I compare this jury ignorance of the legal proofs to a situation many years ago when a social experiment was done with a famous violinist and Grammy-winner who posed as a street performer in the subway while unbeknownst to subway riders was playing a $3 million instrument. He performed the same music, which otherwise costs hundreds of dollars to buy a ticket to see his performance live in world famous venues.
A jury in most cases is just going to go with their instinct and react in the most familiar manner. They hear 100’s of people playing instruments in the subway, this 101st performer sounds similar enough to group them into my typical reaction; ignore it.
In a DUI trial, well the evidence sounds like what I would expect in a DUI case, there’s enough there, and well the defense lawyer is being paid to try to get their client to be innocent.
An educated evaluator of music will immediately hear the difference, as will an educated juror. When put in the correct context, a juror is going to apply the correct standard, and give my client the path for a successful outcome.
(10) A-Plus Contingency Plan
If after maximizing our leverage and playing our cards, the client decides to end their case with a deal, then we will be sentenced by the judge. Most sentences go like this:
Client and lawyer show up in court a bunch of times, something is eventually worked out or the client is convicted by a jury who didn’t understand the levels of legal proof, and now the client will be assessed, evaluated and judged by probation who will supply a recommendation to the judge for the eventual sentence. Same client and lawyer get a copy of this a few minutes before sentencing, and can agree or disagree. Lawyer says their client is a great person, has a job, kids blah blah blah.
That doesn’t move the needle, and the client is paying thousands of dollars for a glorified babysitter.

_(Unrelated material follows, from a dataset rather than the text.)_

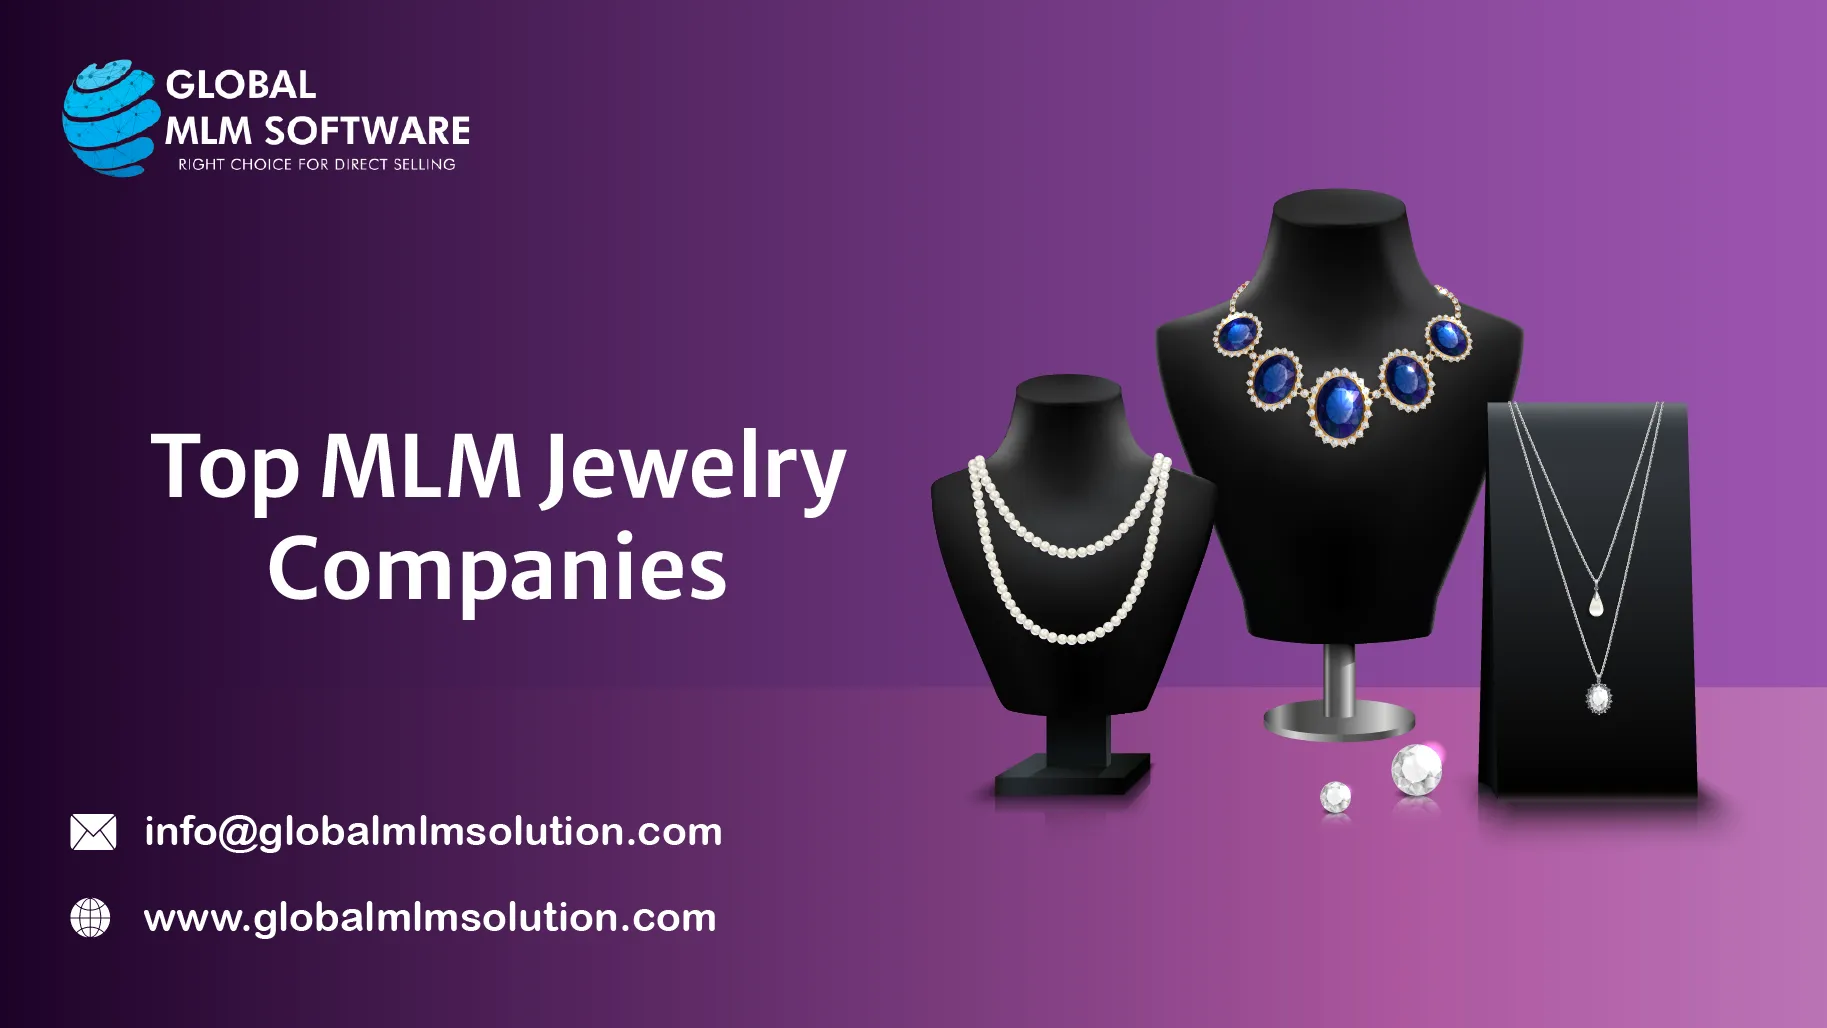 Top Direct Sale MLM Jewelry Companies in 2023

I take an entirely different approach. As I discussed above my client is on my proactive program from the day we begin working together.

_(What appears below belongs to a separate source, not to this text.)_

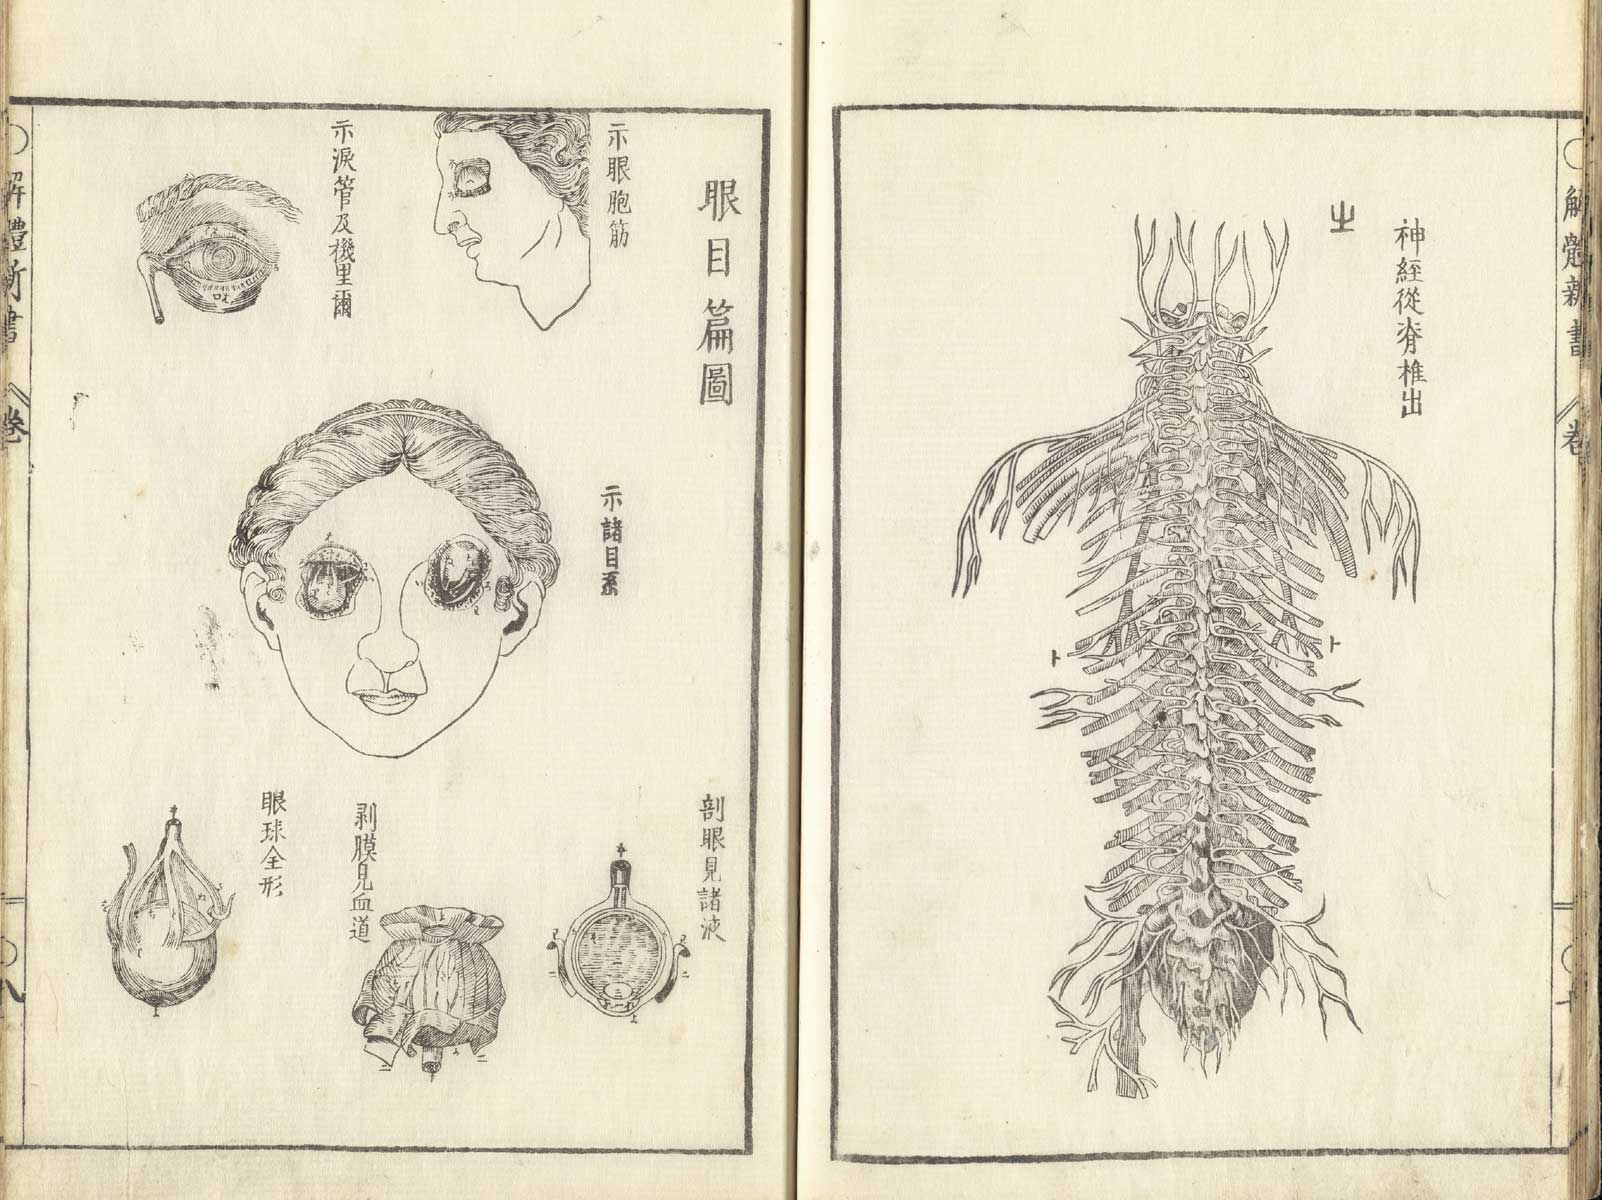 Pages 7 and 8 of Johann Adam Kulmus' Kaitai shinsho. Page 7 is an illustration depicting the network of arteries of the thorax. Page 8 are illustrations of the muscles of the eye.

The client can be DONE with their sentence before even going to sentencing. Yes, you heard that correctly. I get my clients credit for their entire sentence on a regular basis, because I know exactly what judges are looking for, and we’re doing it on our own time without the hammer of the court. If the judge doesn’t give full credit, they will instead reduce what they were going to sentence the client to, and again, the credited portion is now not performed on the court’s time.
Along with having all of this in place, it must be properly documented for the probation staff and the judge so that it can be reviewed in advance of sentencing.
If you were to be sentenced on a DUI case, under which scenario would you like to be in when your freedom is on the line, and the judge controls the next 24 months of your life on a misdemeanor or 60 months on a felony.
Scenario #1 - showed up in court a bunch of times, sat up late at night reading the internet and worrying, but didn’t do anything but worry for the last 6 weeks about this moment in front of the judge, and now you feel the urge to ramble in a mix of apologies and promises to never be back in court.
Scenario #2 - showing the judge just how seriously you are taking this case, as you’ve passed 120 alcohol tests over 60 days, you’ve learned a great deal at over 40 AA meetings, you are currently working with a substance abuse counselor to learn more about yourself, and make wiser choices, and you’ve given 50 hours back to the community in volunteer work to show you’re a positive member of society among other efforts - you don’t feel the need to apologize to a judge who was likely sound asleep and unaffected that evening, and you know not to promise a single thing, because you would have said you’d never get a DUI before this one happened - humble and optimistic about the future, you walk into court with confidence.
If we demonstrate strength, confidence and the willingness to fight real legal issues, and also provide the prosecutor with the escape hatch to get out of dodge and save face then we stand a great chance of succeeding.